Because of the mask I have a different number of shorts and longs - I haven't been able to accomplish my goal listed above with this different number of shorts & longs, i.e., my long positions will be a slightly higher dollar amount than my short positions because there are more stocks in percentile_between (80, 100) because that one doesn't have a mask.
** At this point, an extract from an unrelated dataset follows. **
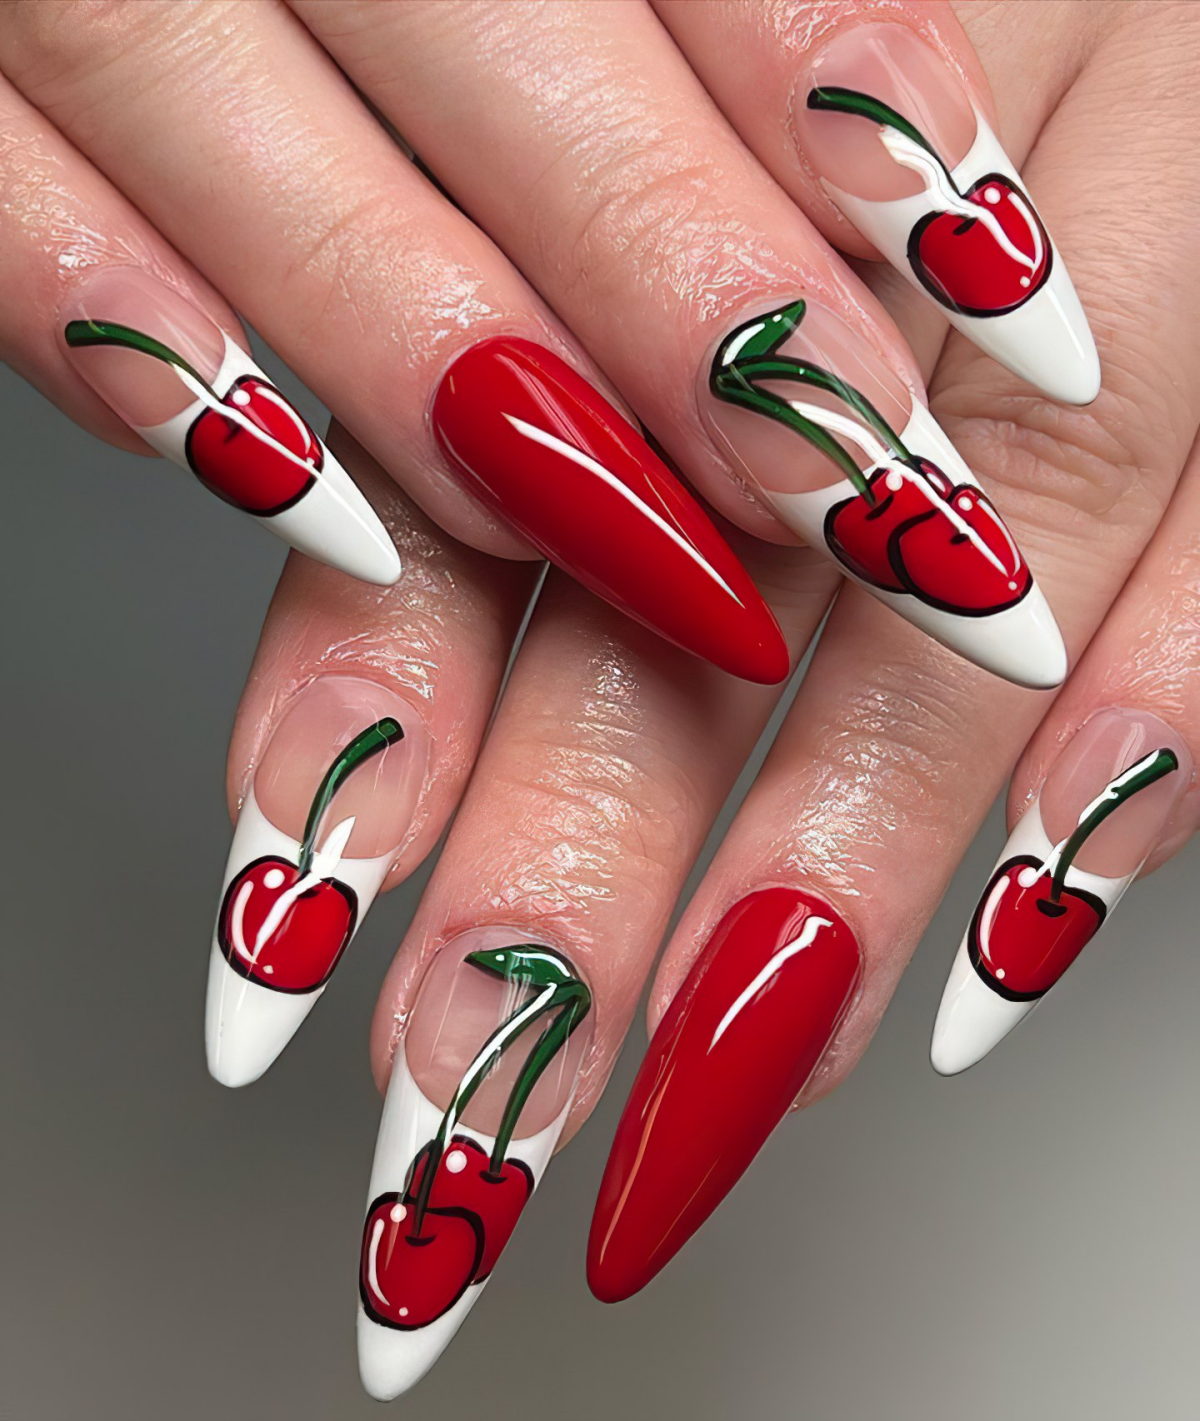 cherry nails handittoheathe
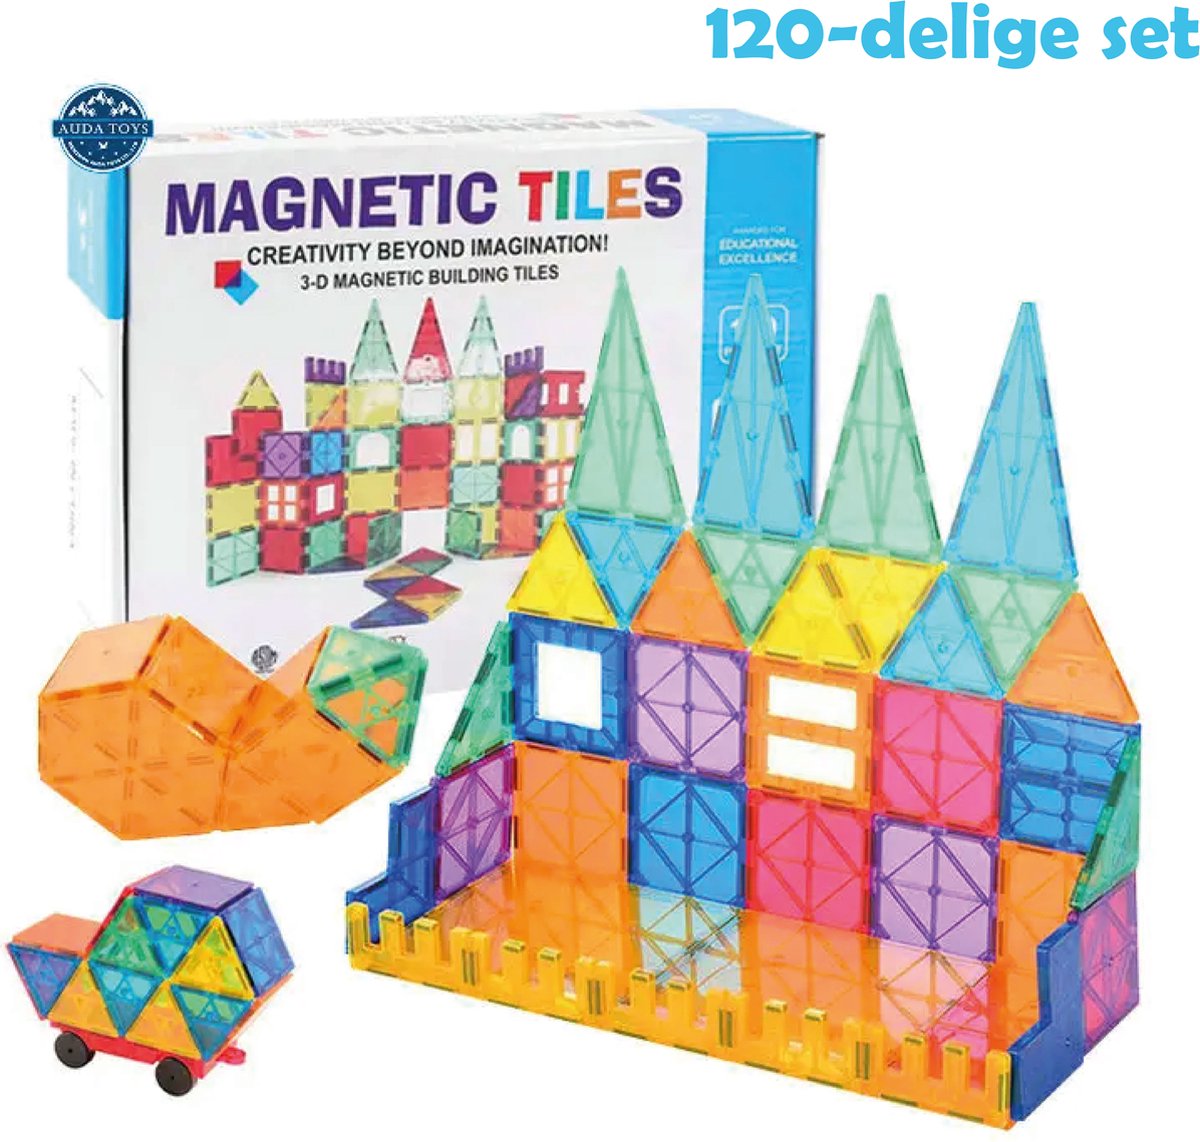 Magnetic Tiles - Lias Toys - Magnetisch Speelgoed – 120 stuks

I would also like the long positions to all be the same dollar amount and the short positions to all be the same dollar amount, even though a long position and short position dollar amount will not be the same.

Thanks all.

3 responses

Is there a way that I would be able to run that with my own user id replacement for user_53bc0c4831bb052ad000002f ?
Meanwhile, I couldn't test this but maybe some of it can help.
If there are errors, try to work around them, then maybe paste the output from log_data.

import numpy as np  
from quantopian.pipeline  import Pipeline  
from quantopian.algorithm import attach_pipeline, pipeline_output  
from quantopian.pipeline  import CustomFactor  
from quantopian.pipeline.data import Fundamentals  
from quantopian.pipeline.data.psychsignal import stocktwits  
from quantopian.pipeline.data.user_53bc0c4831bb052ad000002f import it24up11619  
from quantopian.pipeline.experimental import risk_loading_pipeline  
from quantopian.pipeline.factors import Returns, SimpleMovingAverage  
from quantopian.pipeline.filters import QTradableStocksUS, StaticAssets, Q500US  
import quantopian.algorithm as algo  
import quantopian.optimize  as opt

def initialize(context):  
    algo.attach_pipeline(make_pipeline(), 'fundamentals_pipeline')  
    schedule_function(trade, date_rules.week_start(), time_rules.mrkt_open(minutes=30))

def make_pipeline():  
    class DebtChange(CustomFactor):  
        inputs = [Fundamentals.total_debt]  
        window_length = 252  
        def compute(self, today, asset_ids, out, debt_change):  
            out[:] = debt_change[-1] - debt_change[0]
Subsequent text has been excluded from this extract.